** EXCERPTED RECORDS follows **

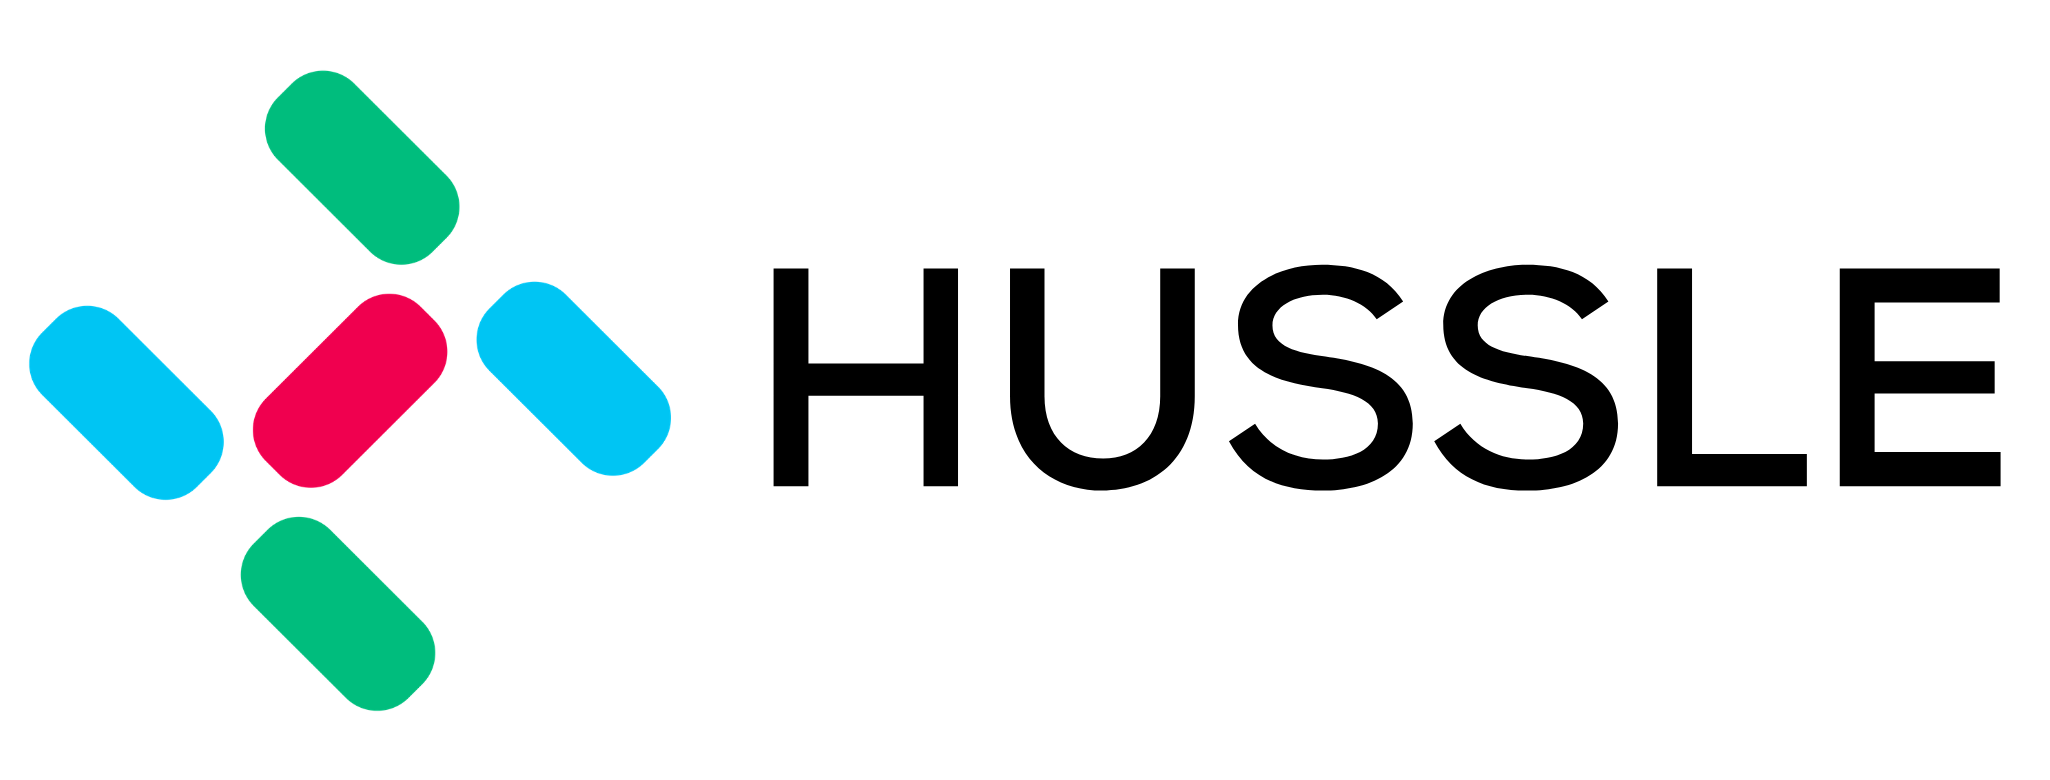 Hussle black logo
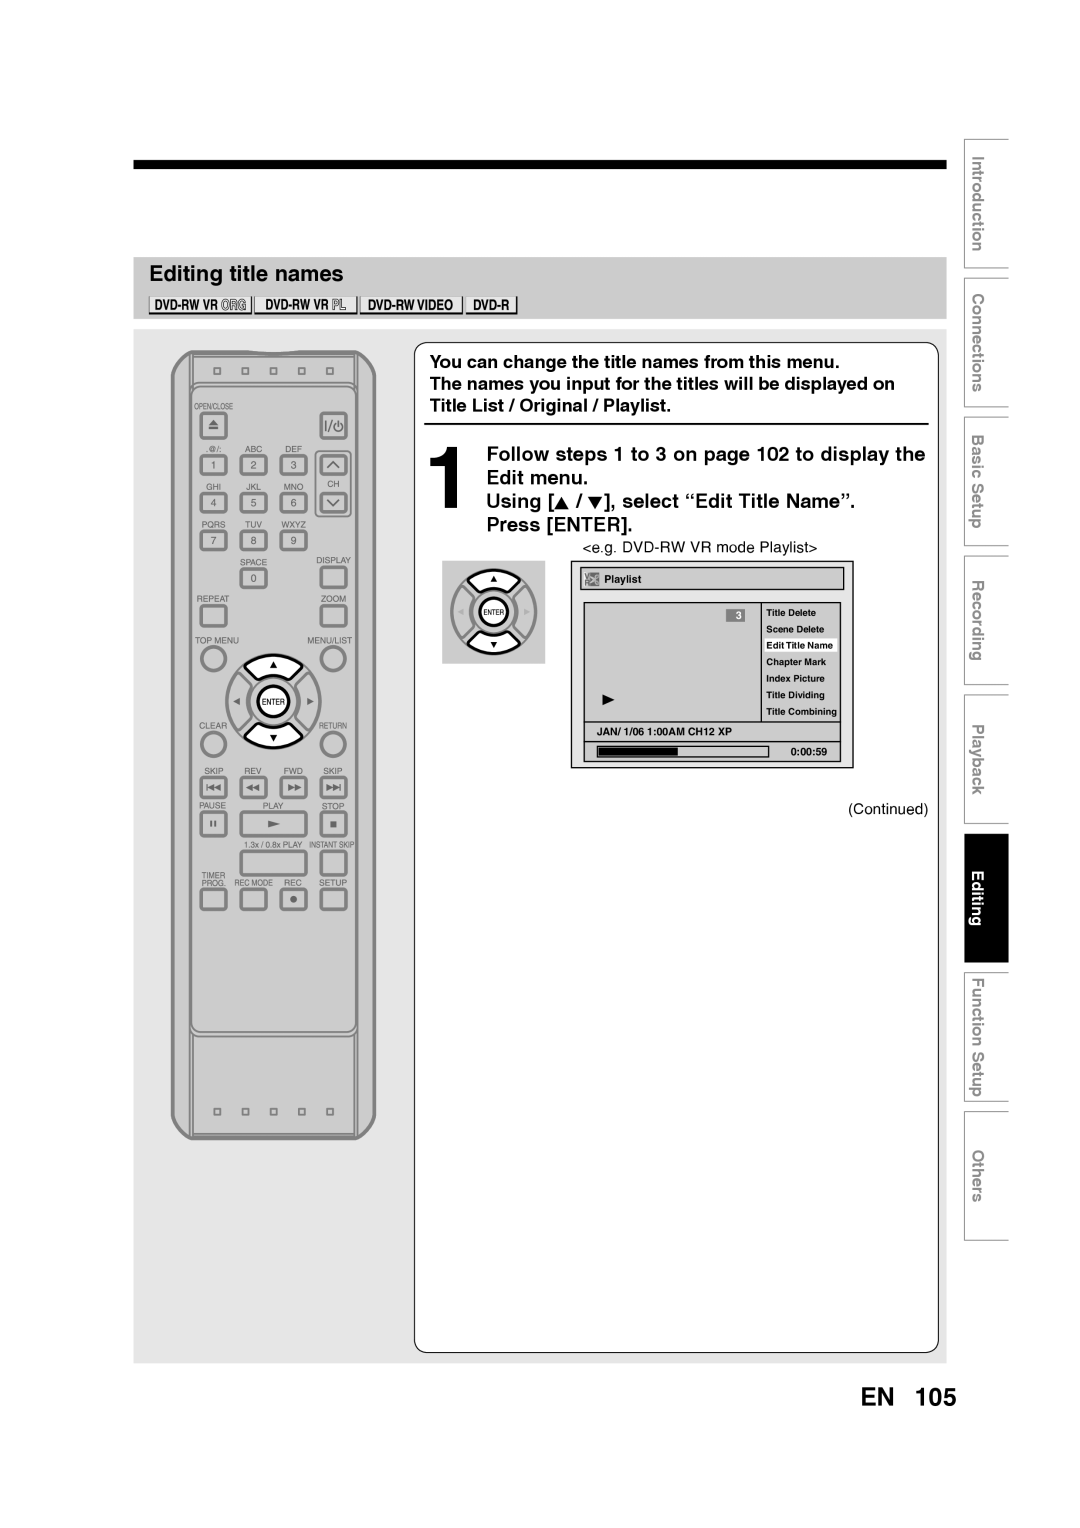 Toshiba D-RW2SU/D-RW2SC Editing title names, Follow steps 1 to 3 on page 102 to display the Edit menu, Playlist, 00059 
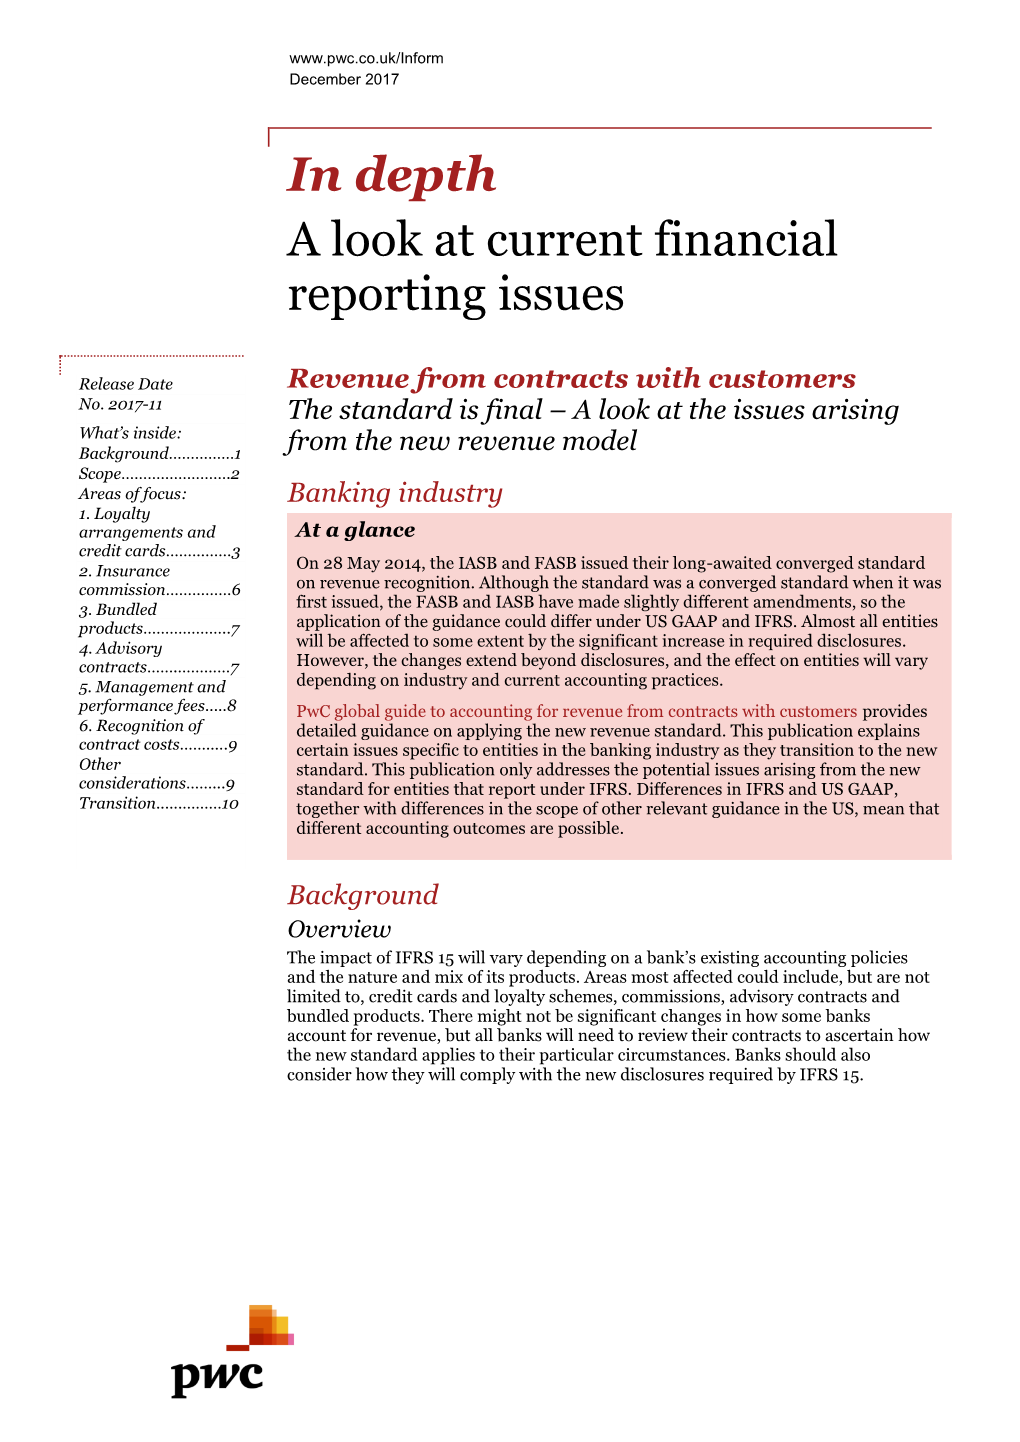 In Depth IFRS 15 Industry Supplement – Banking
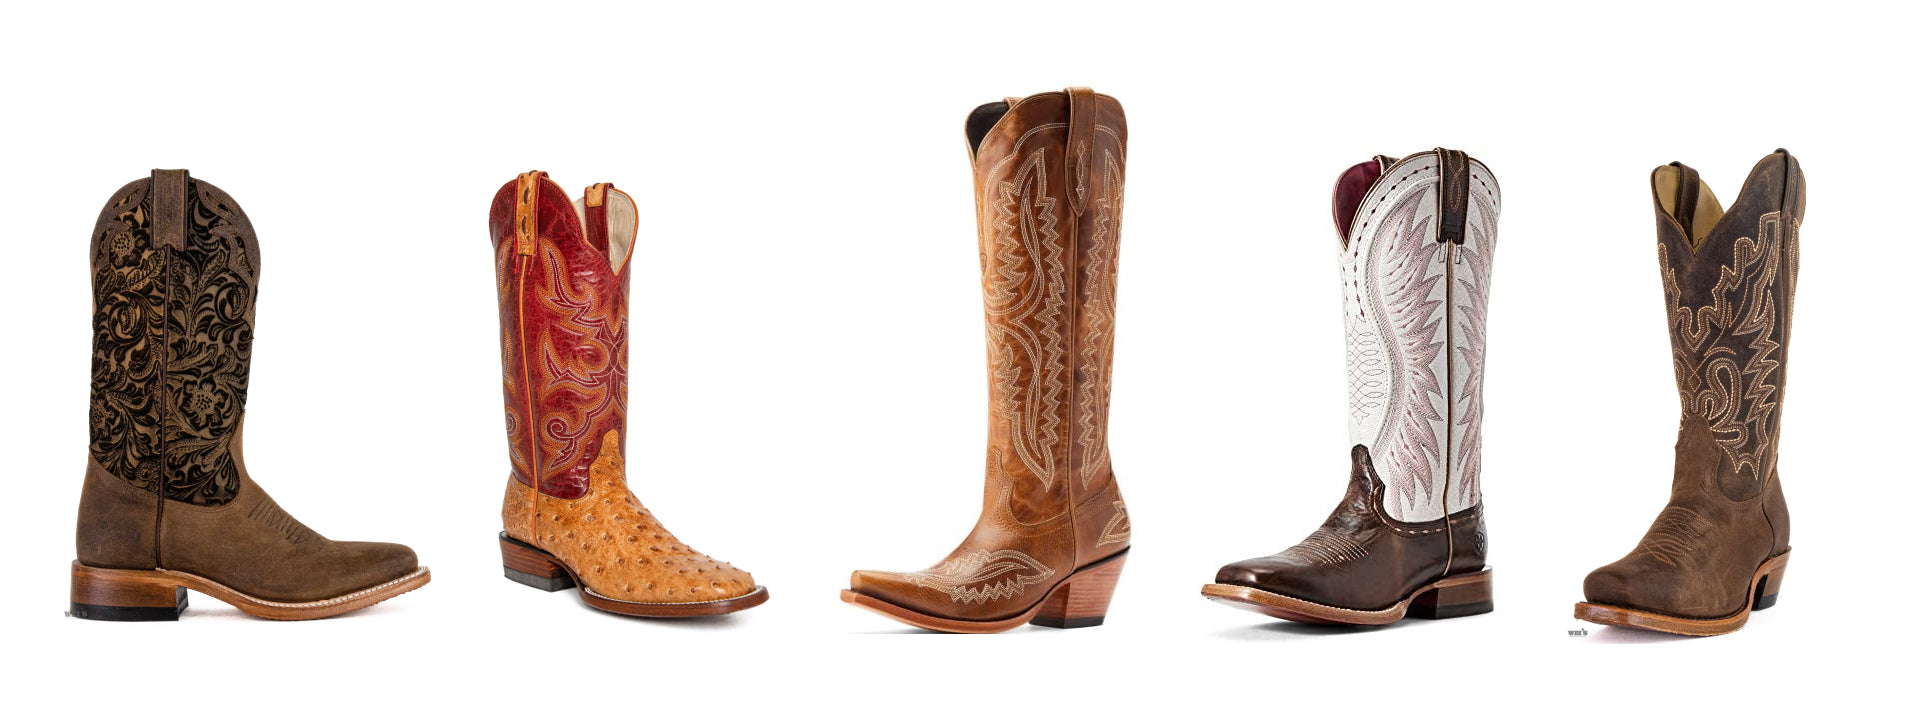 Wei's cowboy boots for women
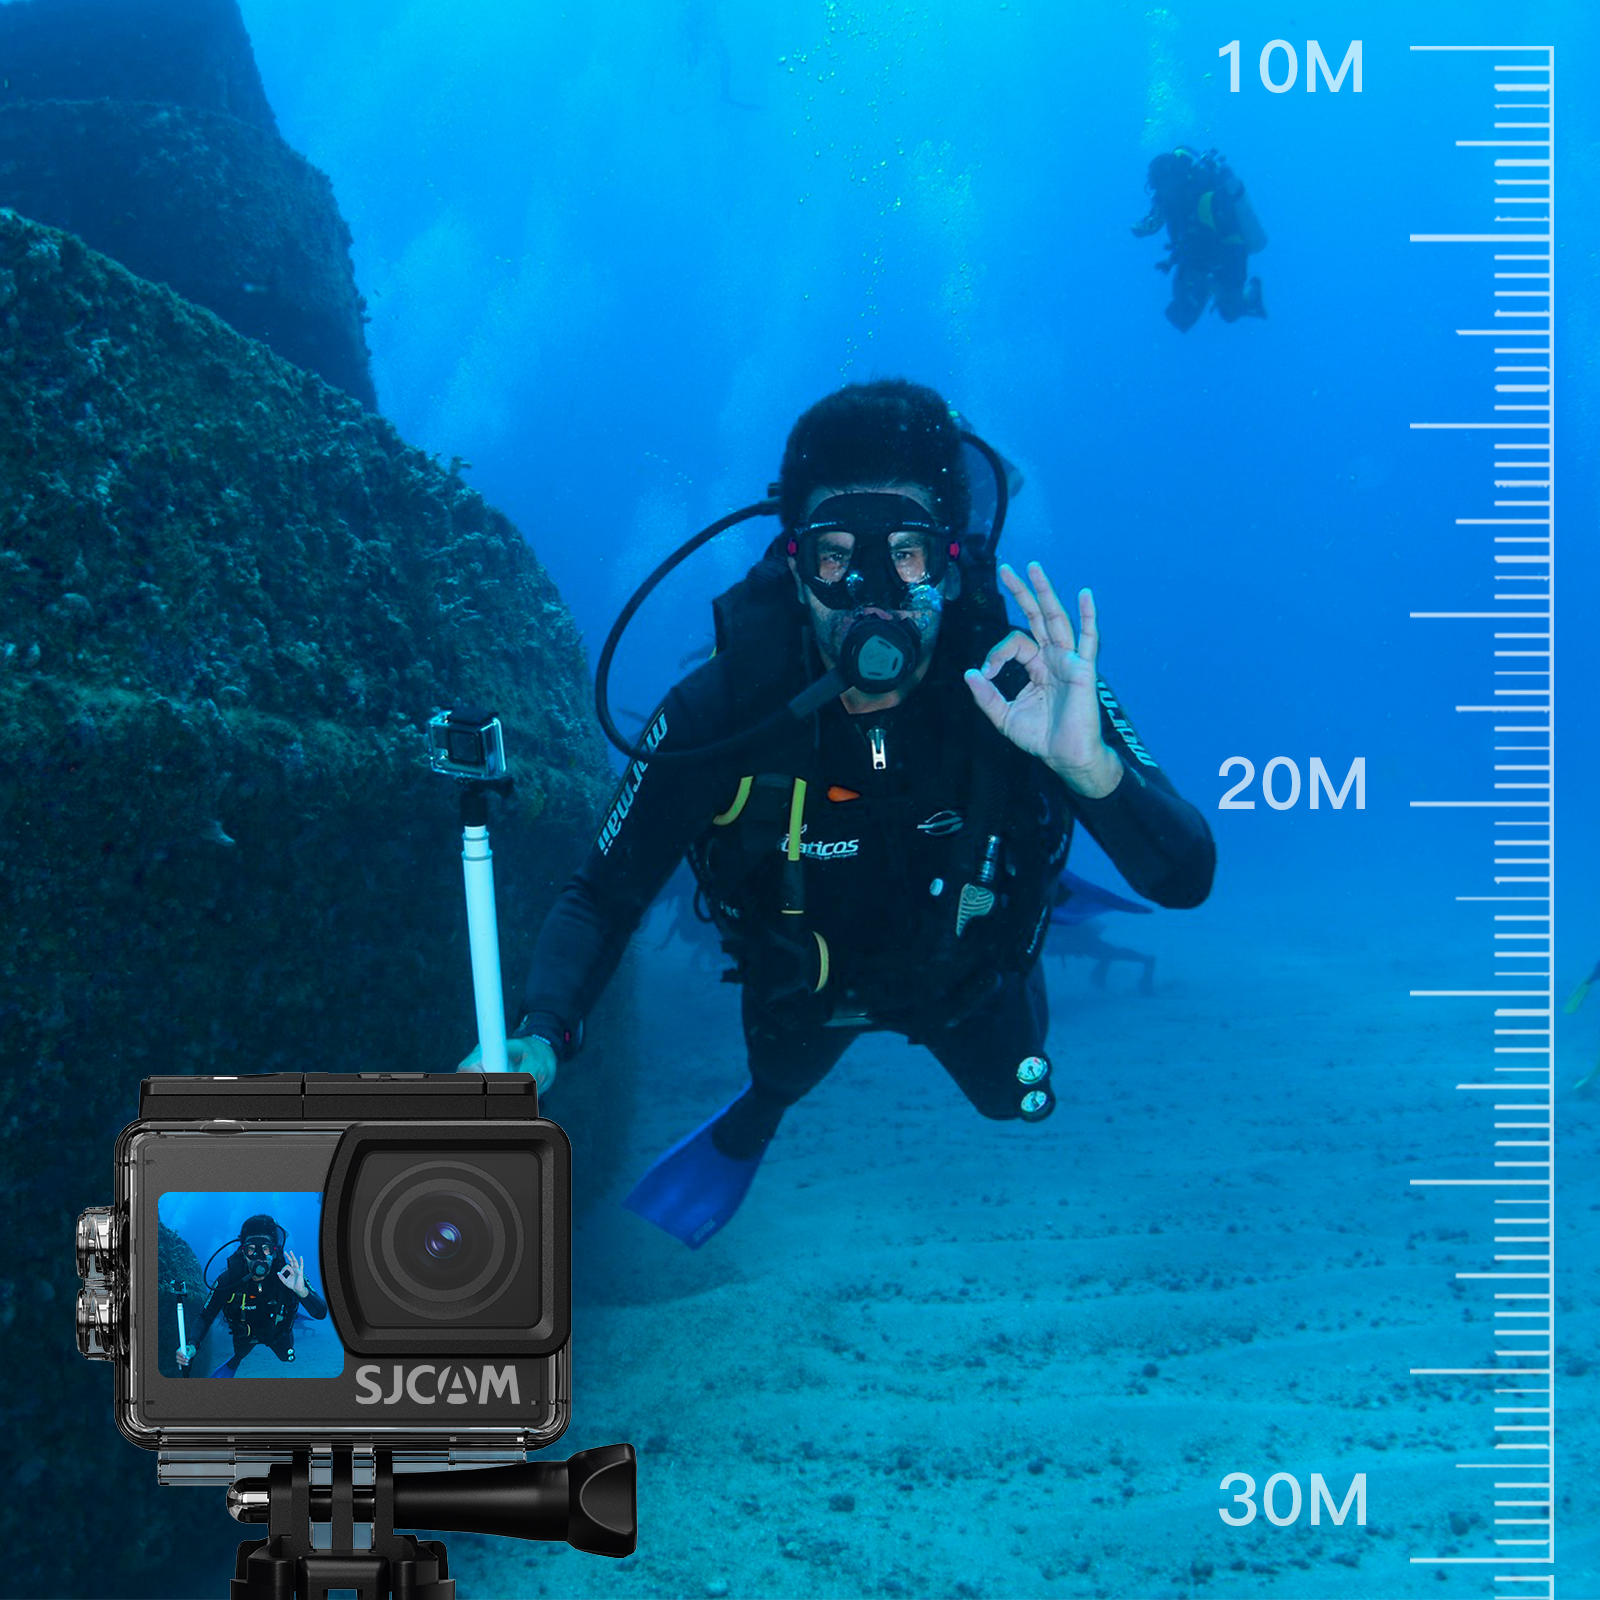 SJCAM Action Camera Dual-Screen SJ4000 AIR 4K 30PFS 1080P 4x Zoom WIFI Waterproof Cam Sports Video Action Cameras

** End of EXCERPTED RECORDS **

[PROBLEM TO WORK ON] The data must come back word for word, with every picture removed.

[EXERCISE OUTPUT]
 Hussle black logo
 Toshiba D-RW2SU/D-RW2SC Editing title names, Follow steps 1 to 3 on page 102 to display the Edit menu, Playlist, 00059 
 In Depth IFRS 15 Industry Supplement – Banking
 Wei's cowboy boots for women
 SJCAM Action Camera Dual-Screen SJ4000 AIR 4K 30PFS 1080P 4x Zoom WIFI Waterproof Cam Sports Video Action Cameras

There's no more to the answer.